Menurut pengamatan penulis, atas kegelisahan hati kita ketika melihat beragam problem itu, kita sadarkan diri kita dulu. Saya meminjam kata dari seorang aktivis dan Ketua Departemen Perempuan Gereja GIDI, Ibu Deli: kita harus mengolah perasaan, kemarahan, dan kegelisahan itu. Perasaan itu diolah menjadi sebuah proses dalam tindakan nyata. Perasaan itu diolah menjadi struktur baru tempat merampiaskan hati dan perasaan dalam tindakan praktis dari tempat masing-masing. Saya menyadari pernyataan ini sangat tegas dan keras, menyentuh kita dalam ketidaksadaran kita, memilih yang aman dan tidak mau menerima risiko dan menolak. Kebanyakan kita sangat jengkel atas beragam realitas ini, kemudian mengeluarkan kata-kata yang tidak senonoh. Saya melihat dalam perkumpulan mahasiswa, baik mahasiswa umum maupun teologi, ekspresi perasaan itu hanya melemparkan ke atas, tidak pernah ditunjukkan ke bawah atau ke dalam diri sendiri. Suatu perbuatan kita dalam keadaan ketidaksadaran akan konsekuensi yang sangat berbahaya. Tampak publik dan menjadi seorang tersohor; standar terbentuk, baik karakternya. Mengenal diri, siapakah aku ini? Dan mengenal setiap perbuatan. Integritas itu keluar dari perpaduan karakter yang baik, mengenal diri, dan mengenal setiap perbuatan. Maksud penulis menyadari ketidaksadaran kita untuk introspeksi diri membuat situs-situs kekerasan dan perampasan itu  terus memburuk, terus memanas. Pemahaman tentang gerakan atau usaha kegiatan yang tidak mendukung pemerintah atau separatisme memperdayakan kemandirian. Terlepas dari pengaruh dua dimensi usaha atau kegiatan itu, sifat kemerdekaan itu timbul dari bawah melalui pemperdayaan masyarakat. Kemerdekaan dari sudut pandang umum dipahami sebagai kemandirian dalam berbagai aspek. Baik aspek ekonomi, pendidikan, politik serta dari segi-segi lainnya. Secara sudut pandang khusus, kemerdekaan adalah terlepas dari pengaruh dan kuasa penjajah menuju penentuan nasip sendiri. Perjuangan secara khusus ada yang sedang berjuang. Dari Perspektif yang umum kita berjuang dari tempat, spesial, status sosial yang masing-masing dengan cara dan gaya yang masing pula. 
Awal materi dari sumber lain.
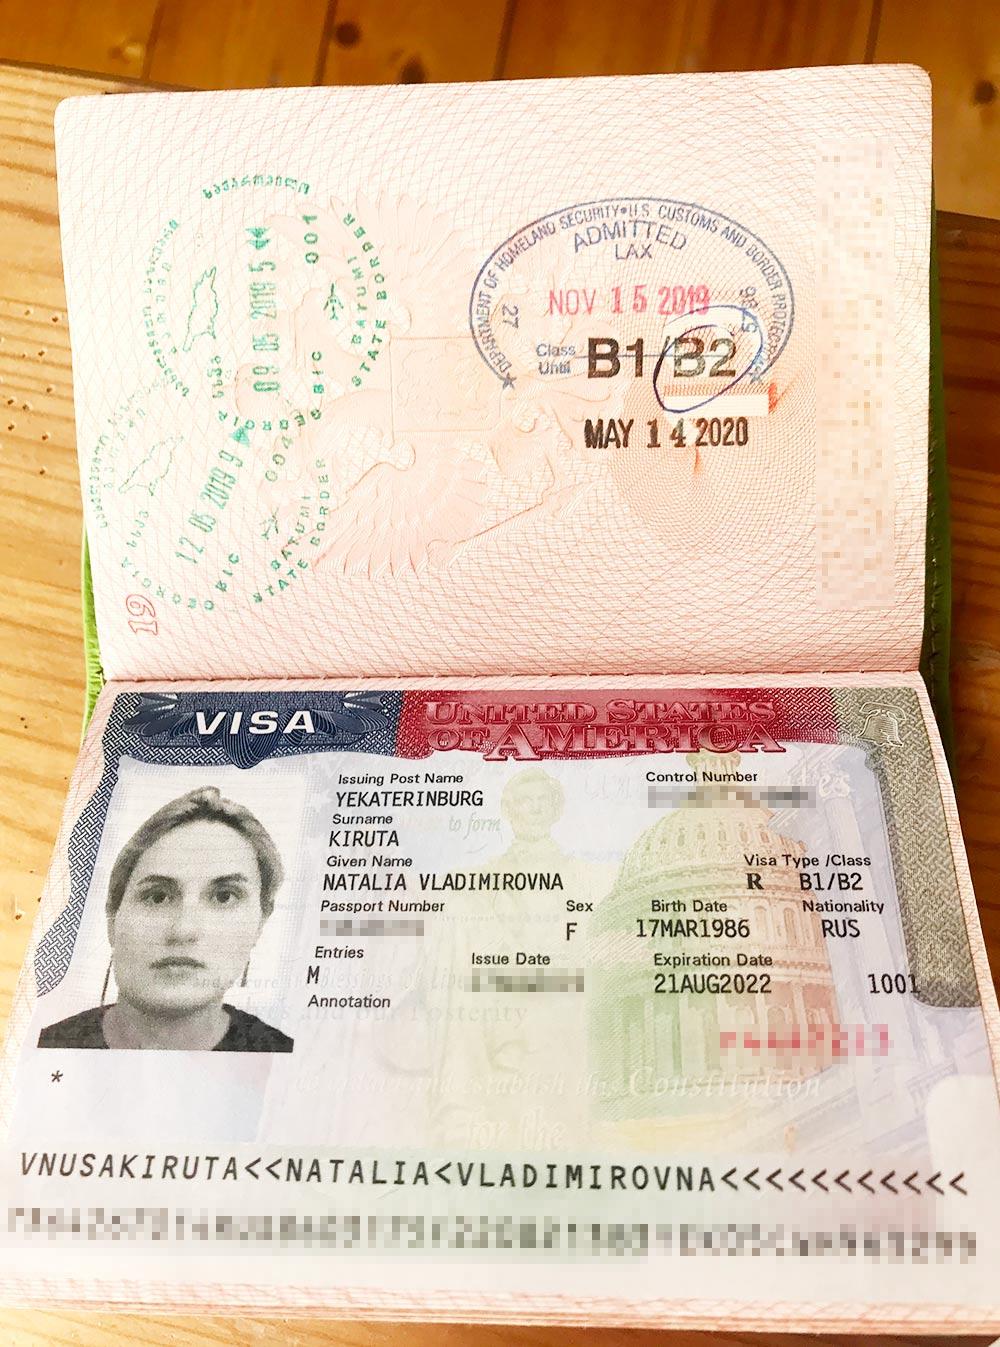 Моя виза. Привъезде офицер обвел на штампе надпись В2 — это значит, что я въехала с медицинскими целями
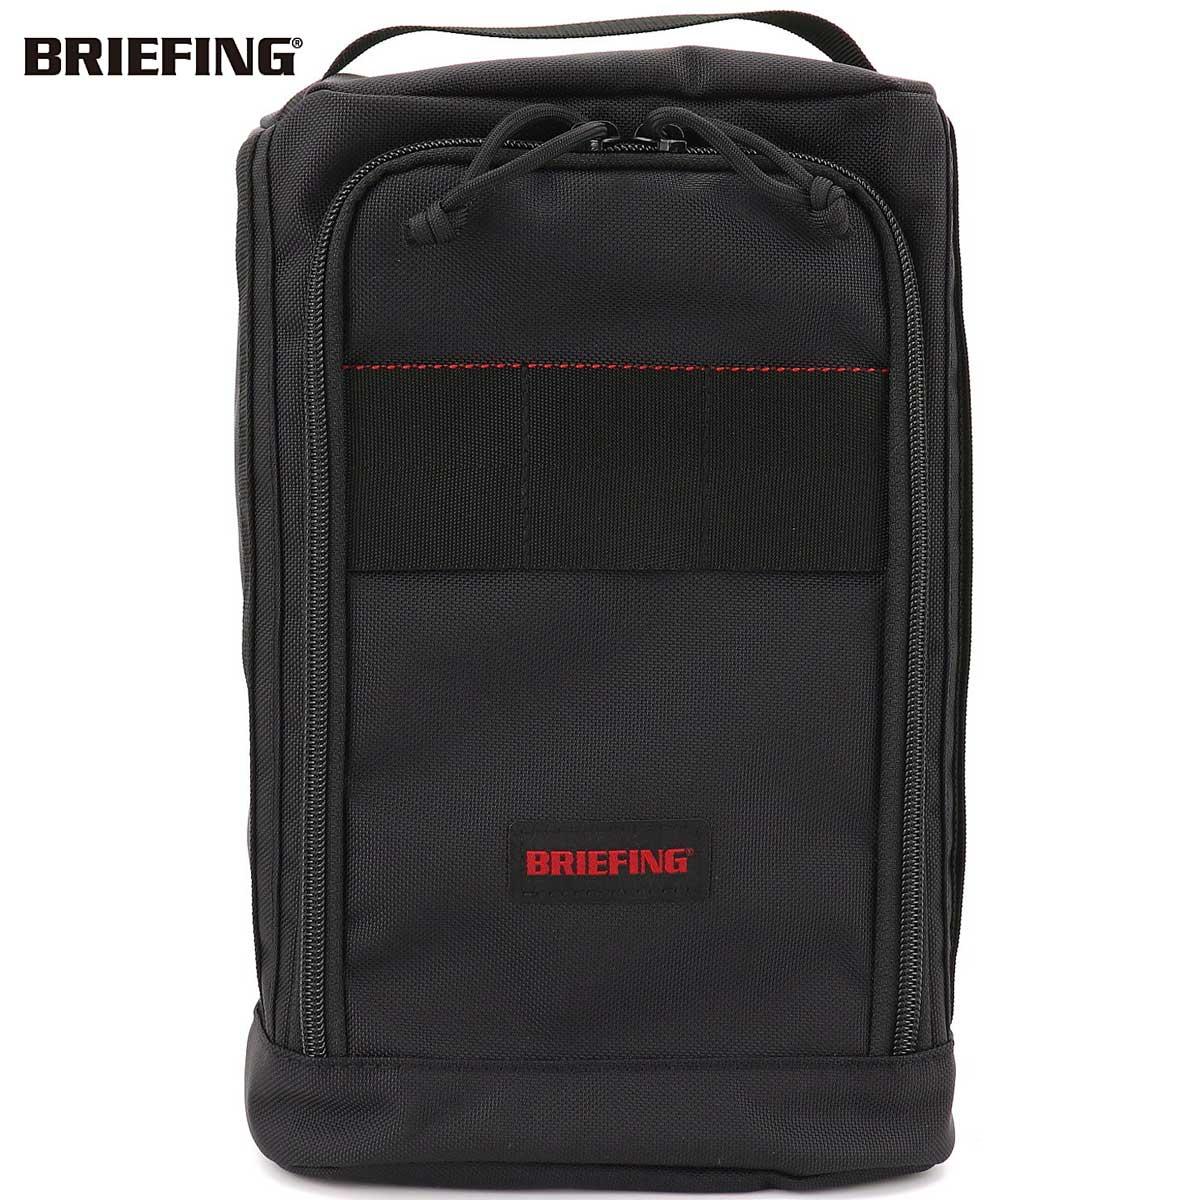 ブリーフィングゴルフ BRIEFING GOLF GARMENT BOX AIR ガーメントボックス PRO SERIES BRG203G19 BRG 010 BLACK(ブラック) 春夏新作

Demi kebaikan kita bersama, saya bersedia menerima kritik, saran dan berargumen anda untuk menumpang pikiran-pikiran yang baik, terkait peran kita dari tempat spesial kita masing-masing berpijakan dari pemahaman kemerdekaan yang sesungguhnya dari perspektif umum dan khusus.